NTSC was a board of over 300 experts in broadcasting, sound, video, manufacturers, scientists, movie studios…etc. They decided what TV was going to be made of and how it would get from the studio to your home. They finally decided on a standard that all TV stations and manufacturers would have to follow by law.
An analog TV station would use a 6MHz wide channel. It would contain 2 transmissions. One is the 2.5MHz video signal which was AM. The second is the 200KHz audio signal which was FM. It was a monochrome (Black & White) signal that provided each pixel with a different brightness to form the many hues of gray from black and white. This was done with a screen resolution of 480 interlaced lines. (We will get into that a bit later.) The audio was sent by FM for clarity and noise reduction. This FM signal was transmitted the same way as today’s analog FM radio station.

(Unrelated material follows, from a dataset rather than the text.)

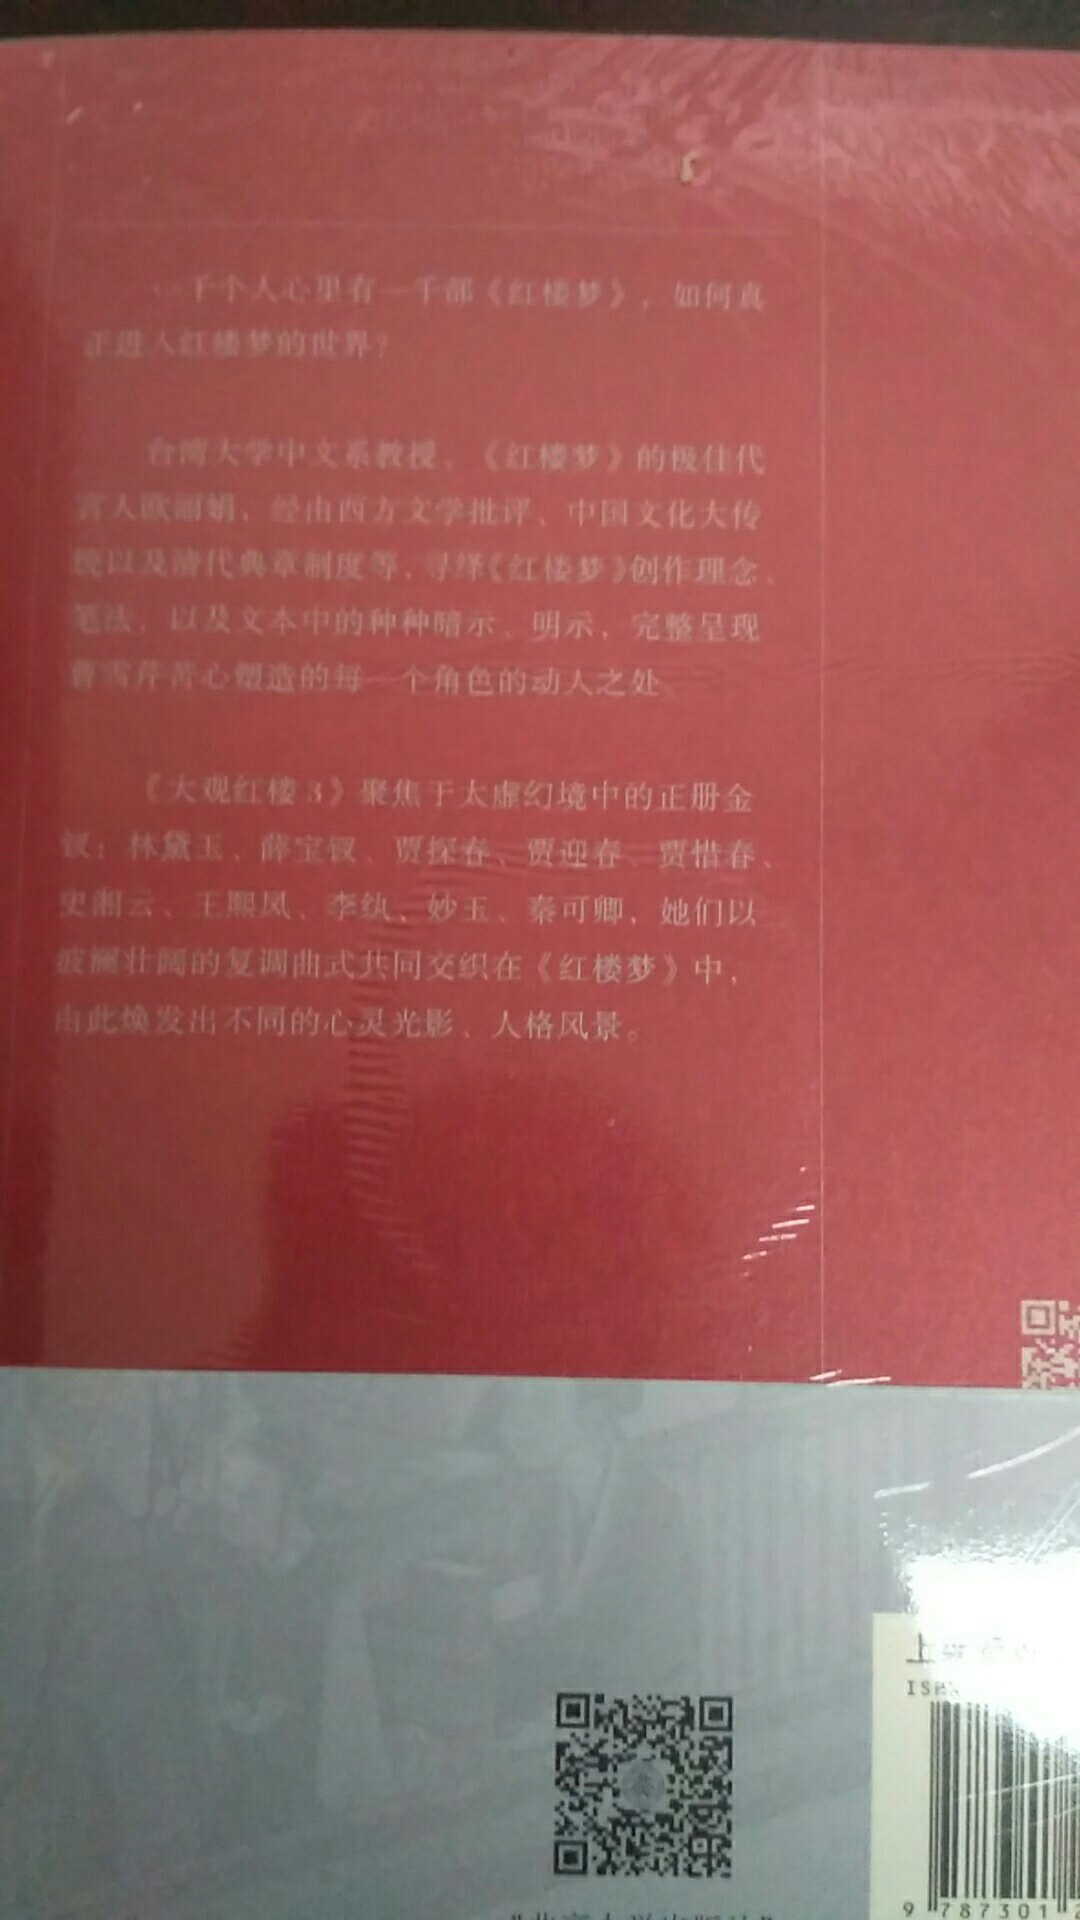 台湾教授讲课的红楼梦，不一样的风格，不久前买过，第一卷，第二卷，不过还没看完，第三，四卷现在出版了，趁着活动购入。第三卷又分为二册，所以整套本是五本的，喜欢红楼梦的朋友不要错过。

The screen size would be a ratio of 4:3. This is not inches or metric. It is a ratio of the width vs the height. If you took the width measurement and divided it into 4 equal units, the height would equal 3 of those units. Back when Thomas Edison was inventing motion picture film, one of his co-workers asked him, “what size do we make the frames?” Edison thought about it for a while and said, “1 inch by 3/4 inch.” The 4:3 format was then the standard for film. 1 inch is 4 quarters. 3/4 is 3 quarters. =4 by 3 or 4:3. This was the film standard for many years until CinemaScope. So the NTSC knew that TV would show lots of theatrical movies, and filmed shows would be done with movie equipment. So they decided to make the TV standard as 4:3.
Color was decided as 3 separate colors sent as red, green, and blue. Each pixel on the screen would now contain the 3 separate bars of color. If the color on the screen was red, then the green and blue bars were turned way down in brightness and only the red bar would stay at 50% brightness. A mixture of brightnesses of each color bar would determine the main color you saw. If only the red and blue bars were on 50% brightness, the color you saw was purple. These 3 colors alone show us all of the colors we see. 100% of all 3 colors gave us pure white. 0% of all 3 gave us black 50% of all 3 gave us gray. Varying the brightness of the 3 colors is what gives us all the colors of the rainbow.